● **DIRECTIONS**: Pictures stay out of the output. Return exactly the lines below from the one with "Dự án nóng nhất" down to the one with "Del Primo Salsa", both included, and nothing more.

● **INPUT MATERIAL**:
====

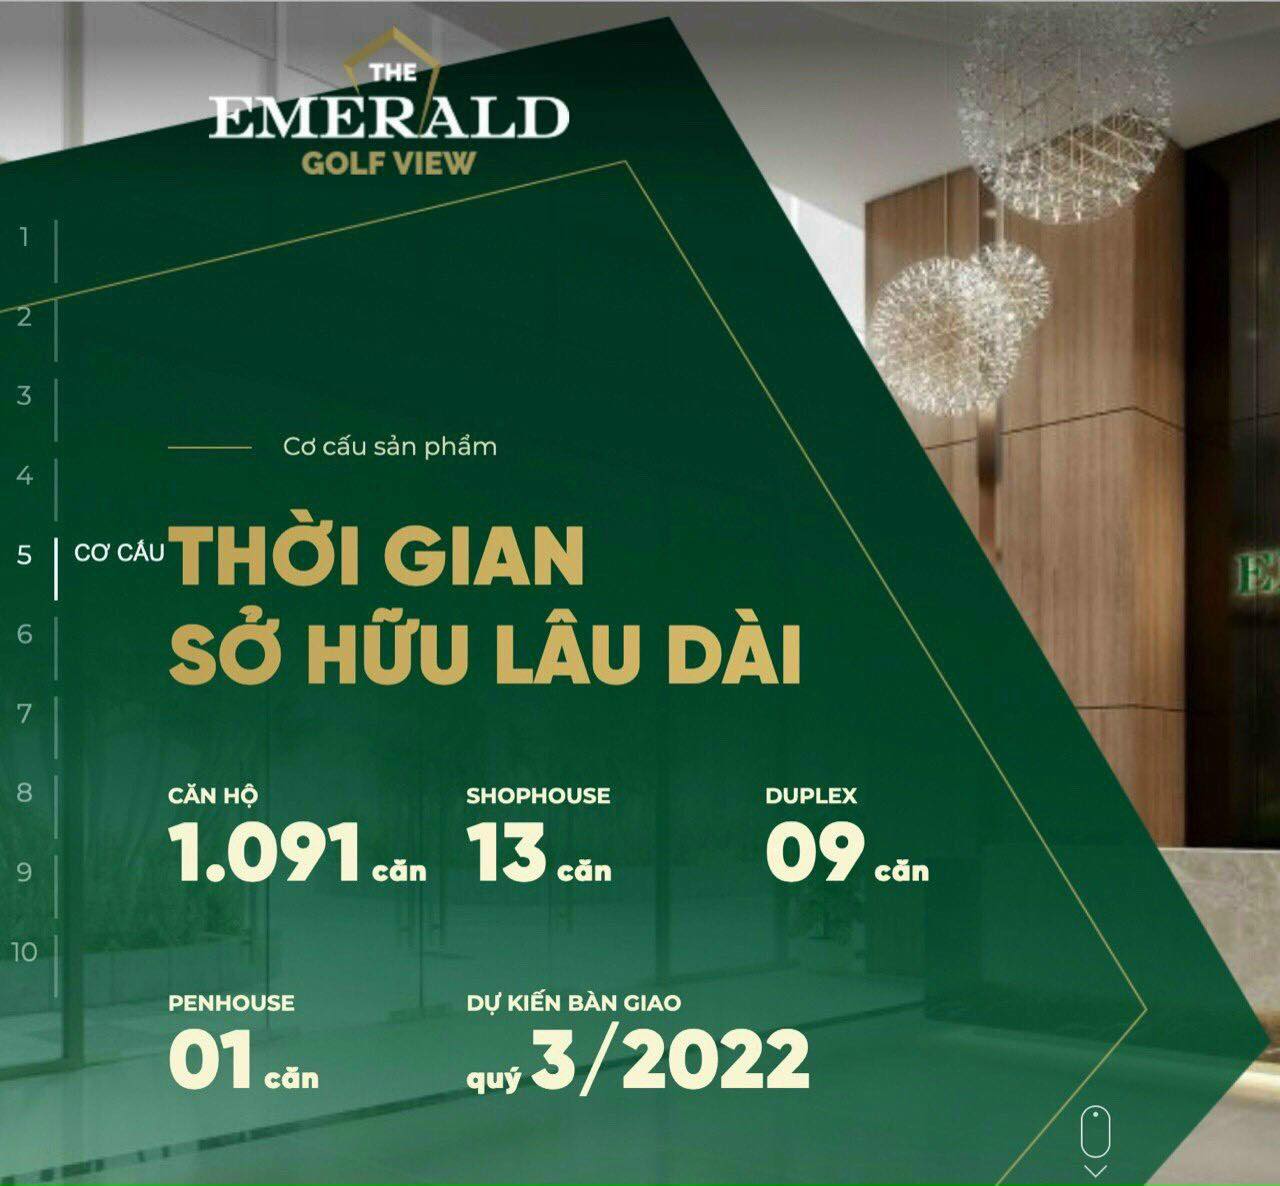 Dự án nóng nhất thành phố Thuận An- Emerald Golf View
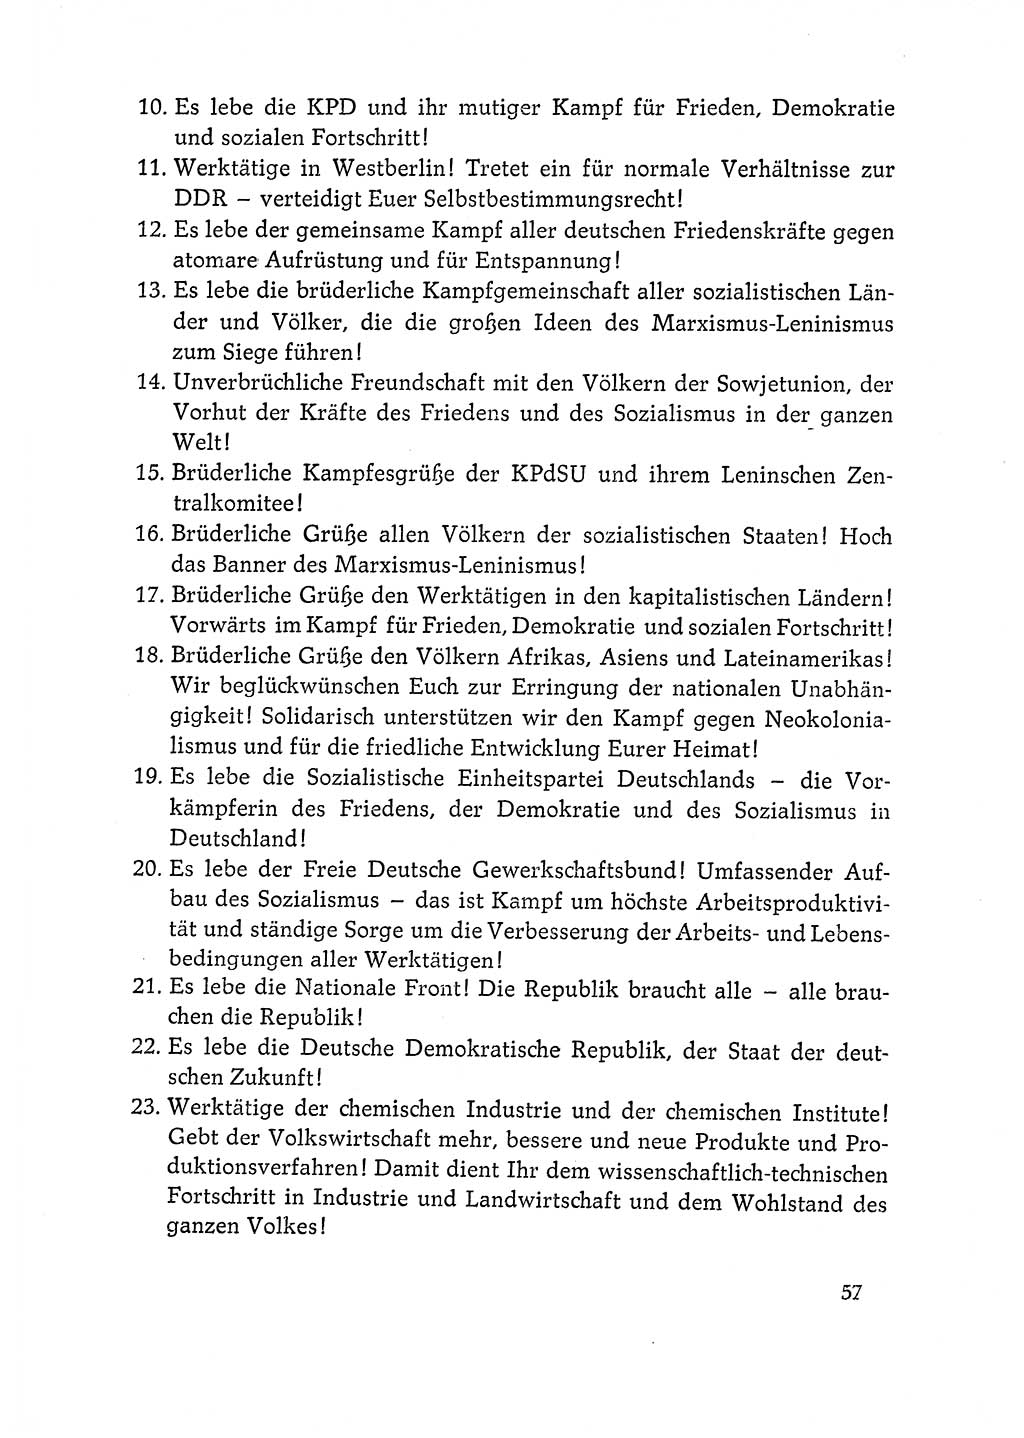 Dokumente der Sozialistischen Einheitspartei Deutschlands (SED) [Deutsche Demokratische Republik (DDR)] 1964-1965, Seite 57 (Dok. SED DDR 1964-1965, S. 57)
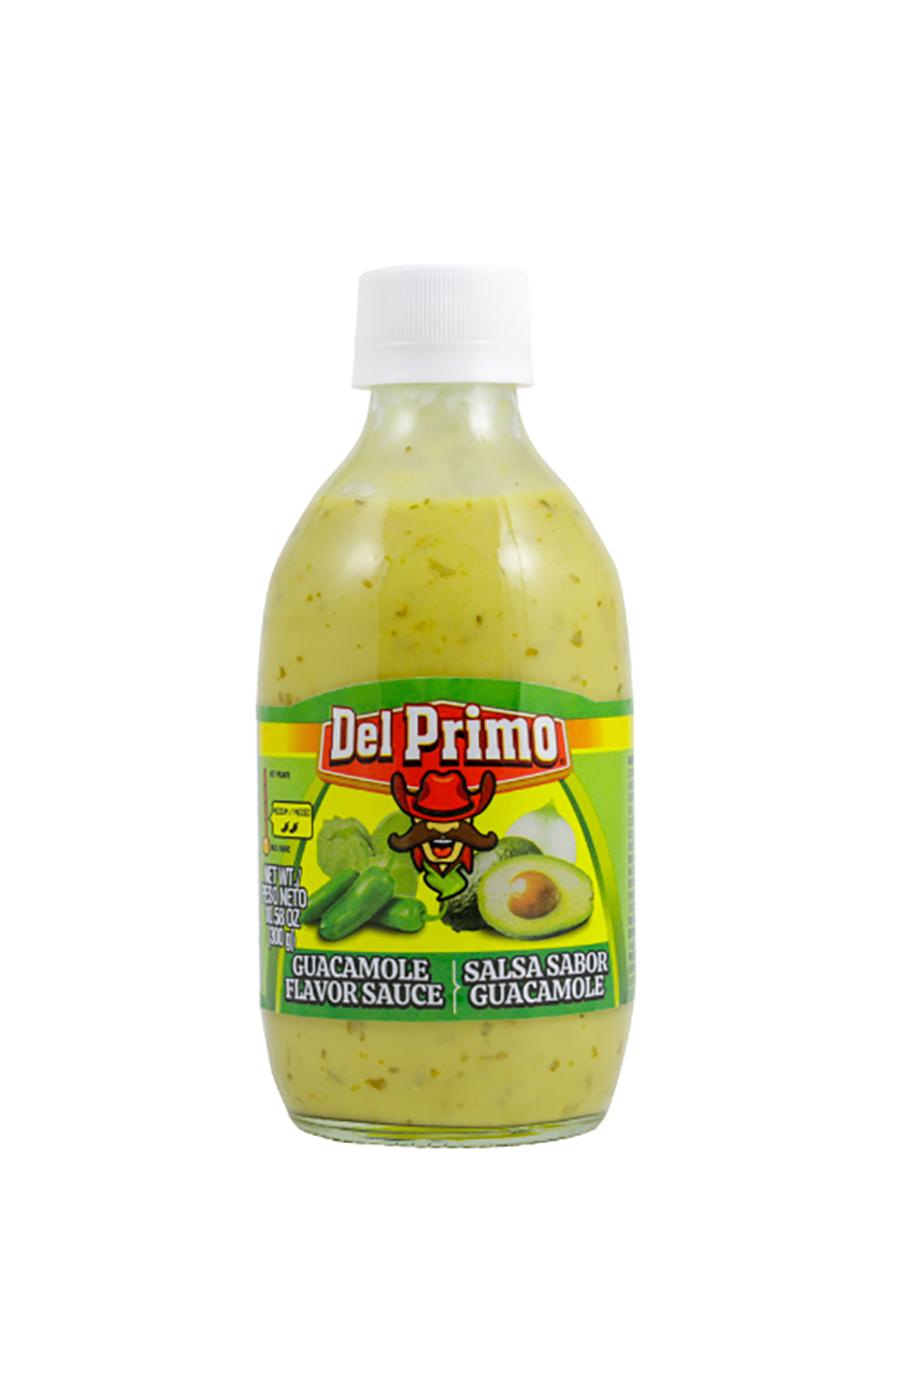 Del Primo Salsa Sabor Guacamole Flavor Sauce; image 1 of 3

====

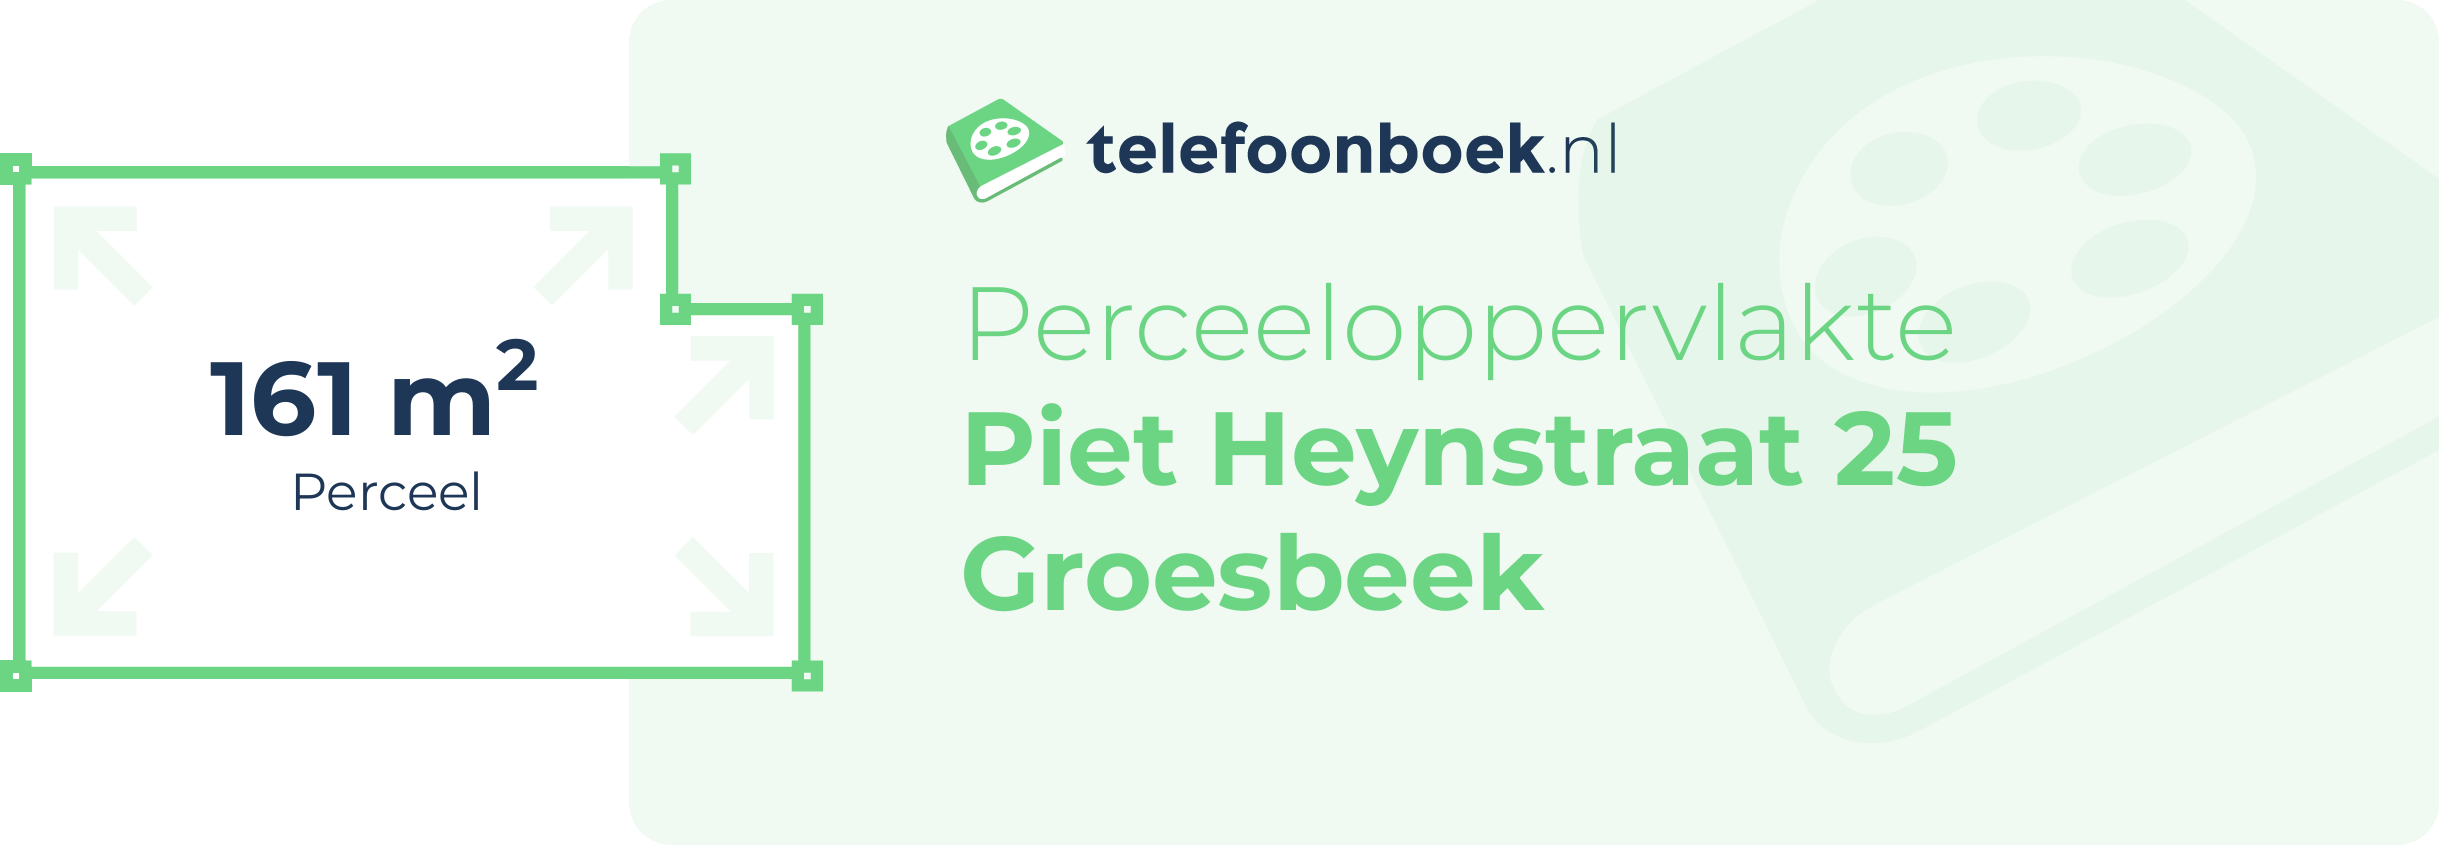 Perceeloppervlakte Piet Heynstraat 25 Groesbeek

====

● **WRITTEN RESPONSE**:
 Dự án nóng nhất thành phố Thuận An- Emerald Golf View
 Dokumente der Sozialistischen Einheitspartei Deutschlands (SED) [Deutsche Demokratische Republik (DDR)] 1964-1965, Seite 57 (Dok. SED DDR 1964-1965, S. 57)
 Del Primo Salsa Sabor Guacamole Flavor Sauce; image 1 of 3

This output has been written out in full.